*** Data block Section Begins ***

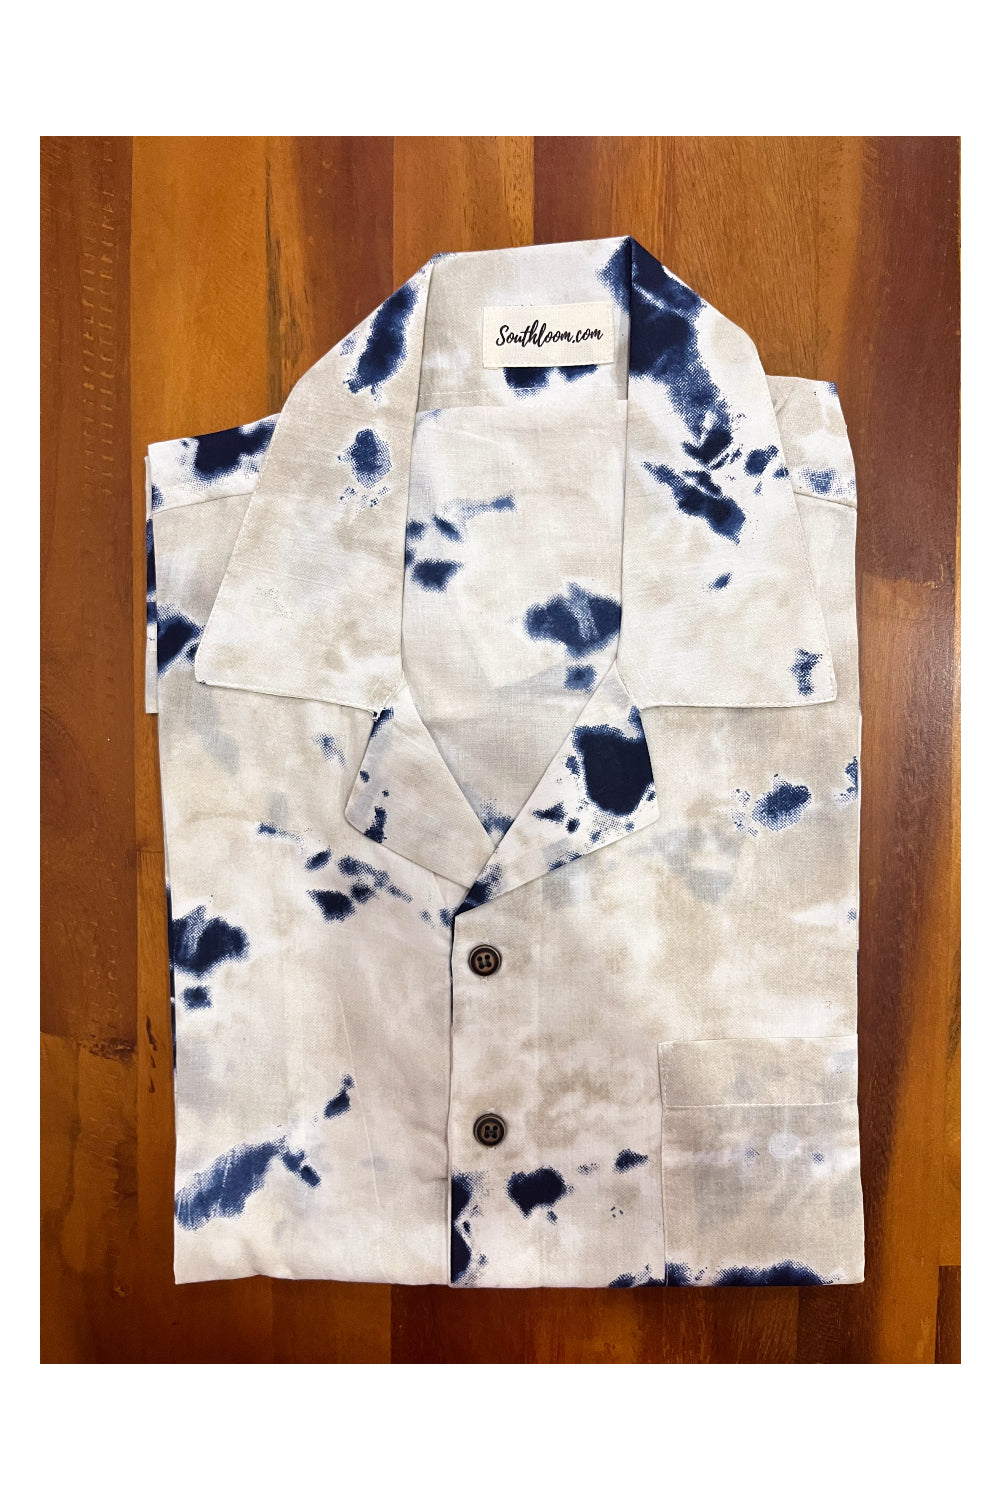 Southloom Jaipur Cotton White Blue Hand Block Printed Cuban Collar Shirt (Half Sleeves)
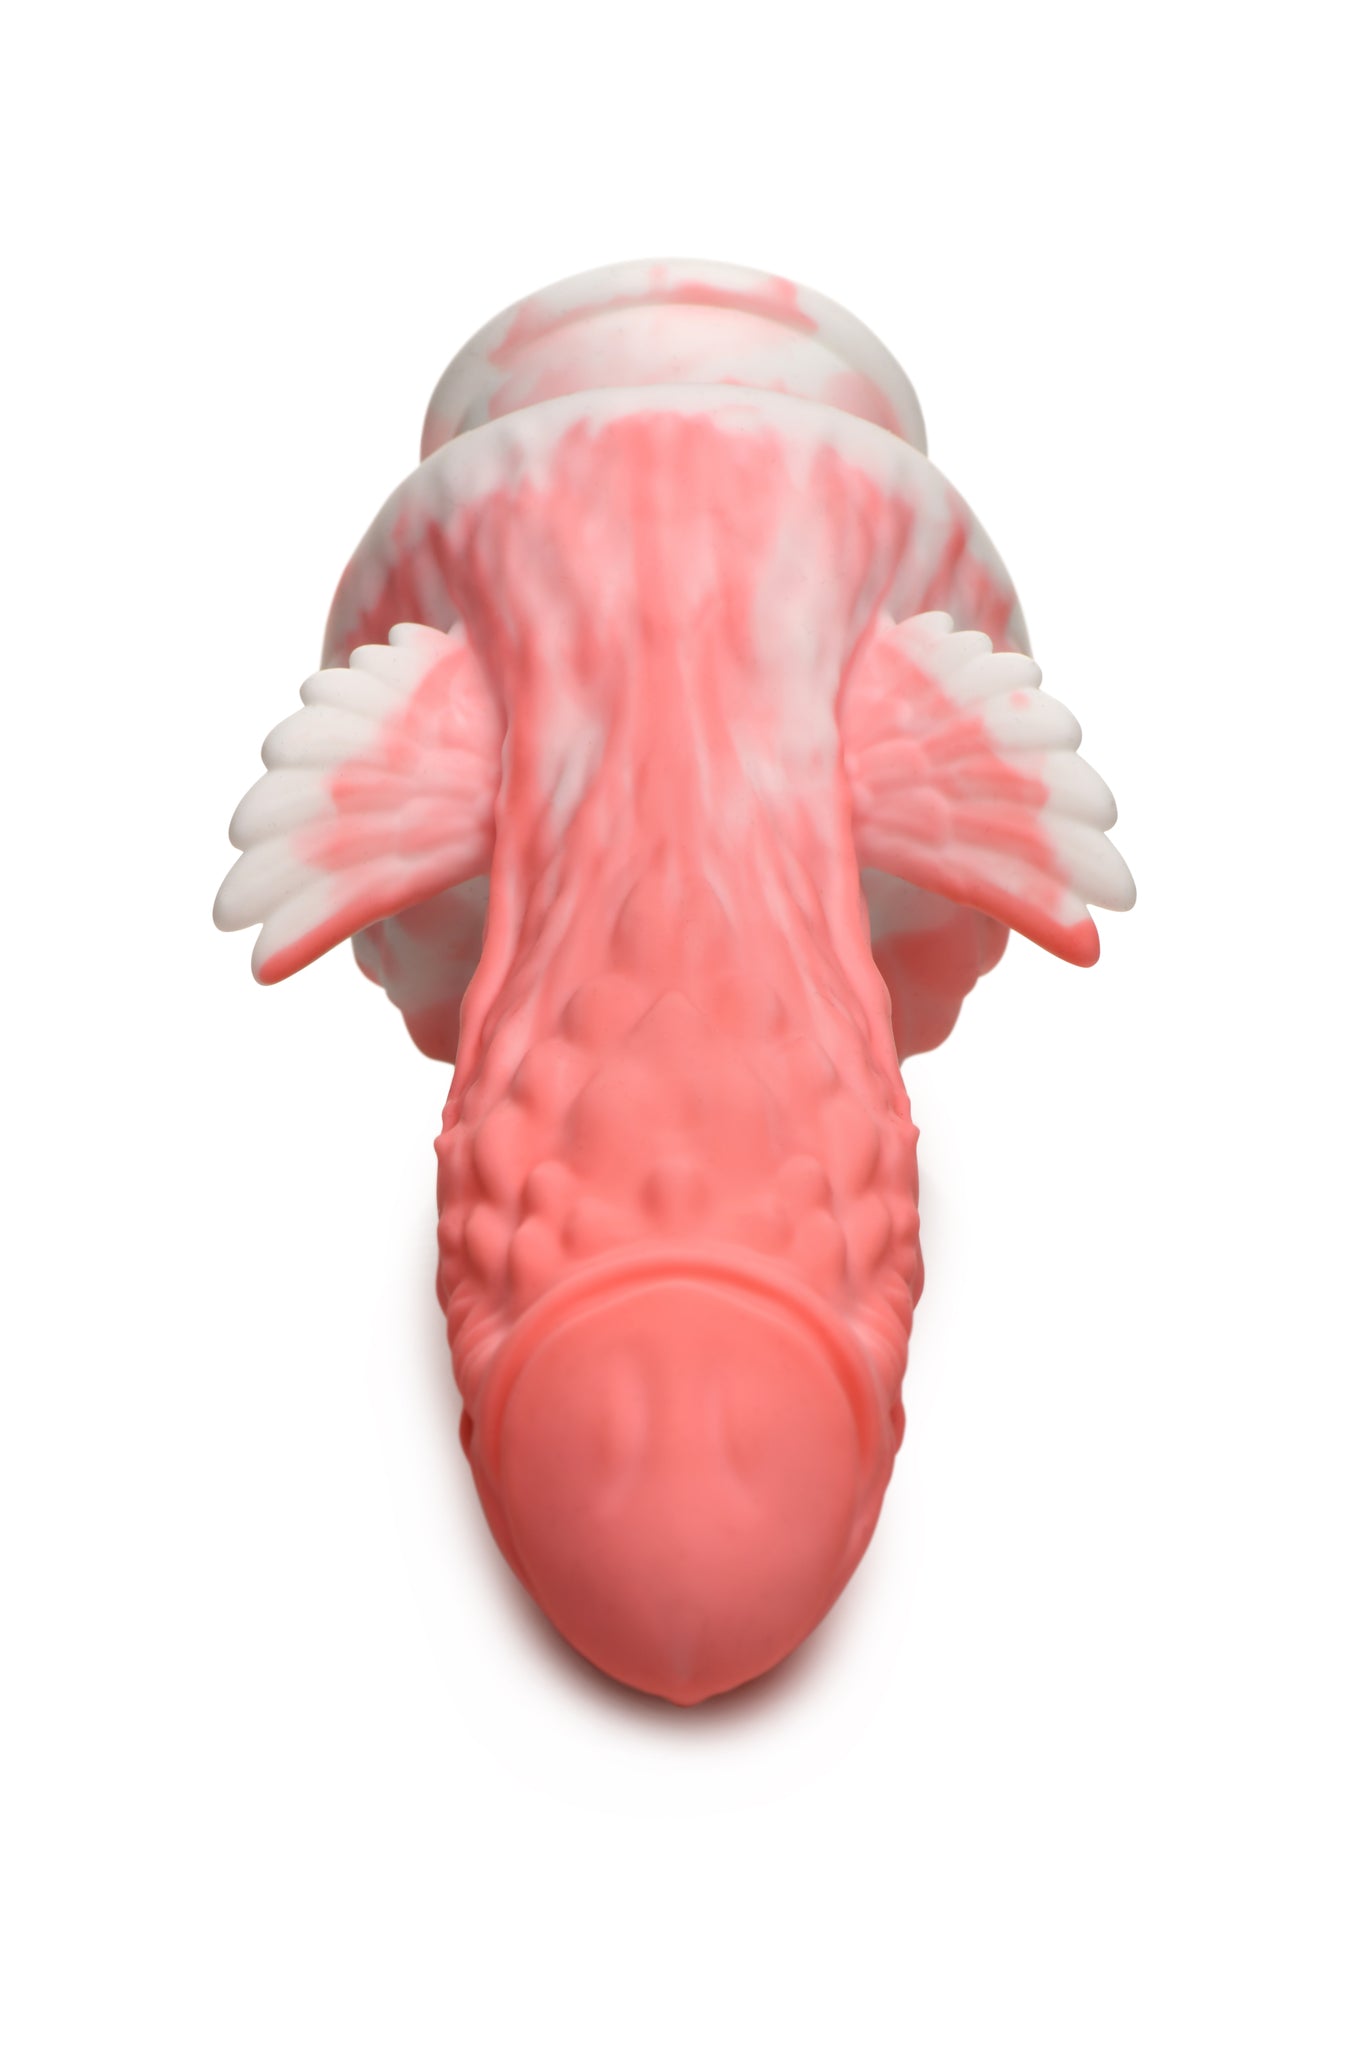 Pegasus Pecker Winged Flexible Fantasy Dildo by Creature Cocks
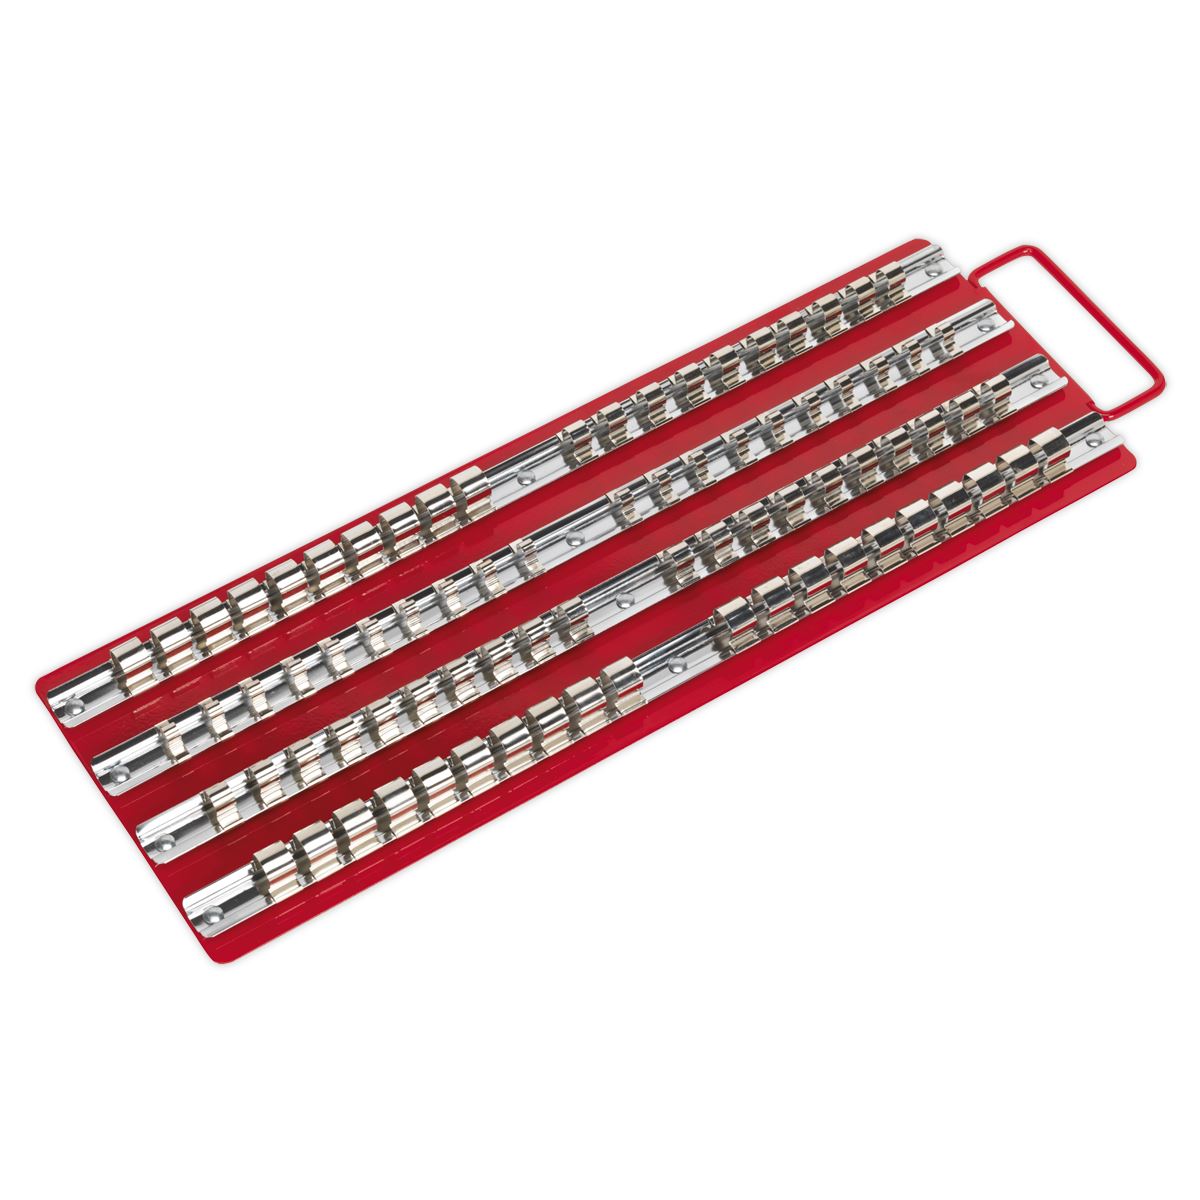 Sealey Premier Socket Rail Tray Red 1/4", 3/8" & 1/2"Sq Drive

*** Data block Section Ends ***

▶ What needs to be done
The response has to be an exact copy of all the data, pictures excluded.

▶ Result of the task
 Southloom Jaipur Cotton White Blue Hand Block Printed Cuban Collar Shirt (Half Sleeves)
 Pegasus Pecker Winged Flexible Fantasy Dildo by Creature Cocks
 Sealey Premier Socket Rail Tray Red 1/4", 3/8" & 1/2"Sq Drive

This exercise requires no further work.